Unos minutos antes se hallaba en la cima del mundo. Arrellanado en el sillón de dentista situado en el centro de la pequeña habitación situada en el centro del pequeño piso de Raul, ignorando los ronquidos de Lin como los había ignorado en las cuatro semanas anteriores. Estaba arrellanado en el sillón de dentista, mirando hacia la ventana, más allá del murmurante y resonante aparato de aire acondicionado encajado como una fea cucaracha gigantesca en mitad del cristal, mirando la suciedad que emborronaba las descoloridas letras doradas de las ventanas de enfrente. «J. M. Saperstein. Excelencia en Pieles.»

Ahora el mundo parecía más lejano. Los descoloridos Saperstein habían perdido todo su romanticismo. Sólo parecían tristes.

Ahora Jim estaba enfermo. Sin duda enfermo de gravedad. Ahora, la enfermedad que estaba en los periódicos y en Nueva York estaba también en su vida. En su íntimo círculo íntimo. De bastante próxima, había pasado a estar demasiado próxima. Estaba sentada a su lado. Quizá sobre él. Quizá en él. ¿Y Jim? ¿Iba a ser éste su fin? Hugo encendió un cigarrillo, cosa que no solía hacer antes de almorzar. Escupiendo el humo de los pulmones como si le hiciera sentir peor, volvió a reflexionar sobre la conveniencia de someterse a la prueba.

Lo que acabó de convencerle fue lo que le dijo Jim. Cuando fue a visitarlo, a su regreso, lo encontró sentado en la cama, gritando a las enfermeras, rogándoles que solucionaran su dolor, exigiéndoles más analgésicos. Cuando la enfermera se hubo retirado, Jim esbozó una sonrisa radiante y enseñó a Hugo su reserva. Veinticinco analgésicos de máxima potencia. Pero realmente estaba enfermo y le dolía la cabeza. Y sabía lo muy enfermo que estaba.
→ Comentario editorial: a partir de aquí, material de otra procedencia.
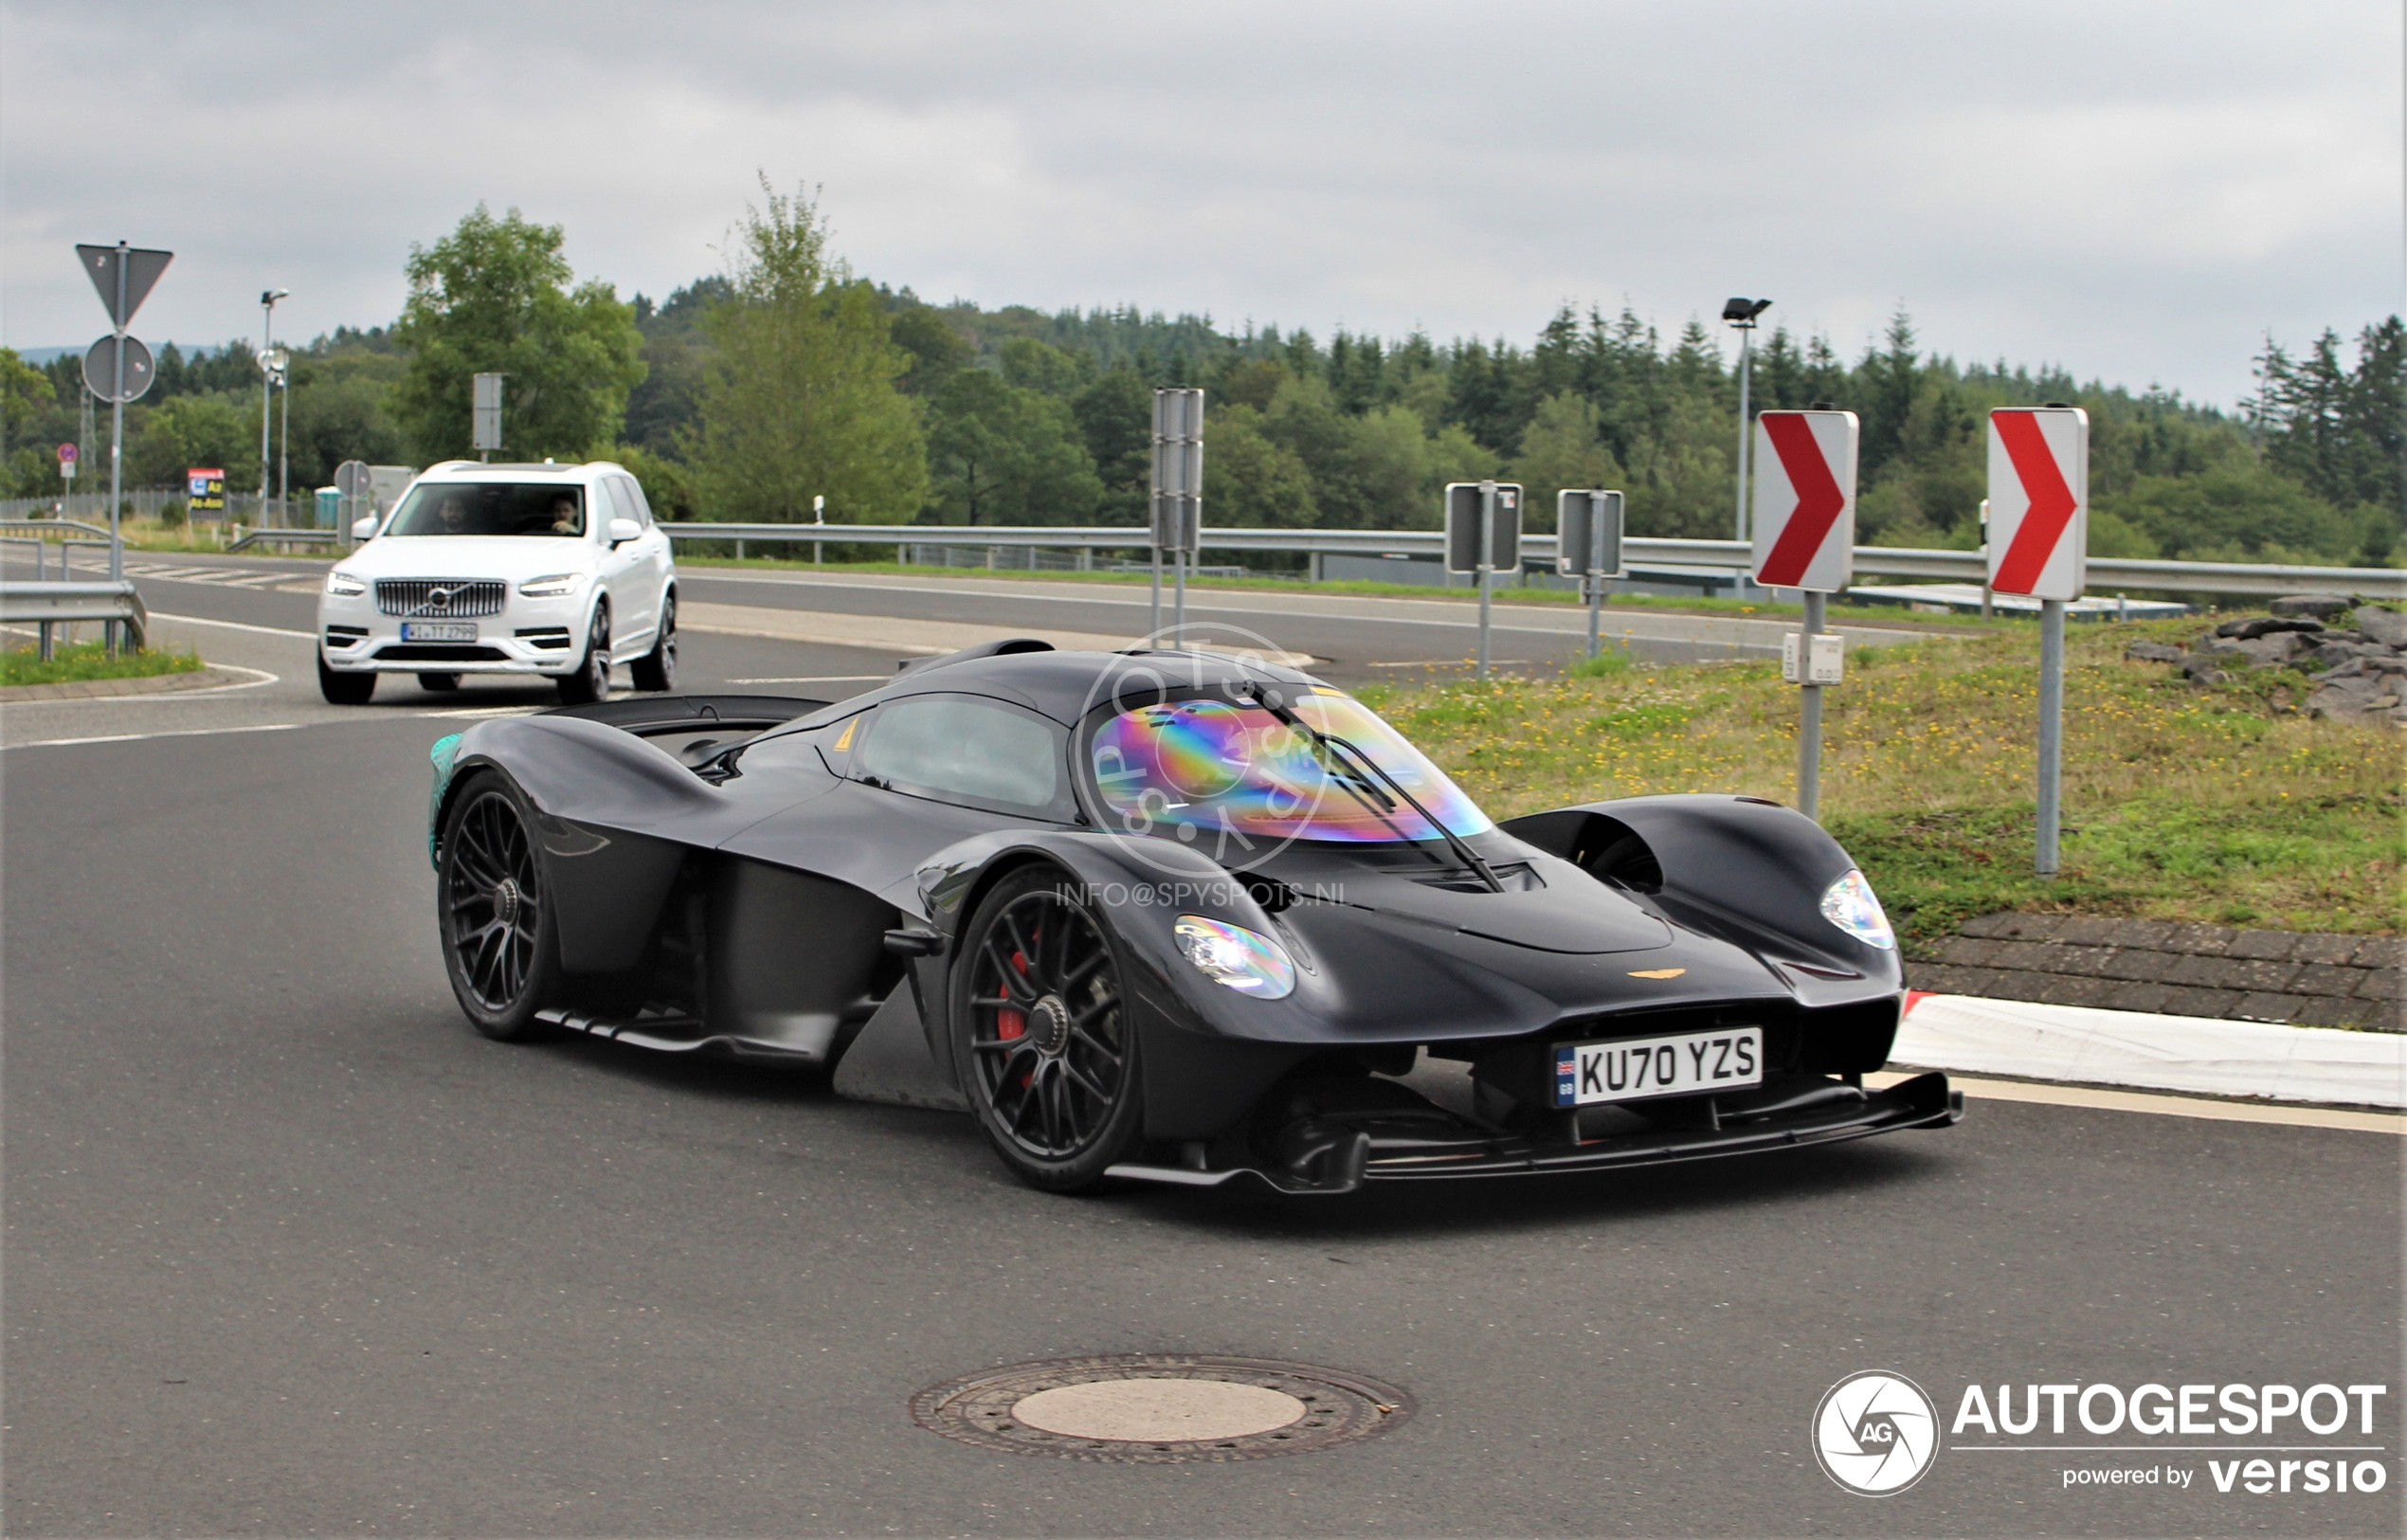 A Valkyrie test vehicle is discovered at the Nürburgring

La ignorancia ya no era un refugio, le dijo Jim. Y Hugo escuchó. La ignorancia era un limbo de pánicos imprevisibles. Como el pánico que había sentido en Nueva York mientras contemplaba los cuarenta granos rojos en el pecho. Necesitaba saber por qué cosas valía la pena preocuparse. Necesitaba poder tener un resfriado o un acceso de tos, sentirse fatigado, tener una diarrea, perder el apetito, sin helarse por dentro cada vez y pensar: «Ya está. Ahí vamos.»

No le preocupaba morir. Ya había estado cerca de la muerte en otras ocasiones. En automóviles demasiado rápidos conducidos por amigos demasiado jóvenes y demasiado colocados. Aquello era una muerte a la tremenda, donde la peor posibilidad era sobrevivir en una silla de ruedas. Pero esto era un lento deslizamiento por una pista de obstáculos infestada de microbios aprovechados, virus oportunistas, gérmenes hipócritas y variedades curiosas de enfermedades poco corrientes. Era la consunción y el dolor. Era lo que le había dicho Jim, sentado en su habitación gritando a la enfermera para que le trajera más analgésicos, la cabeza destrozada por una sierra mecánica interior.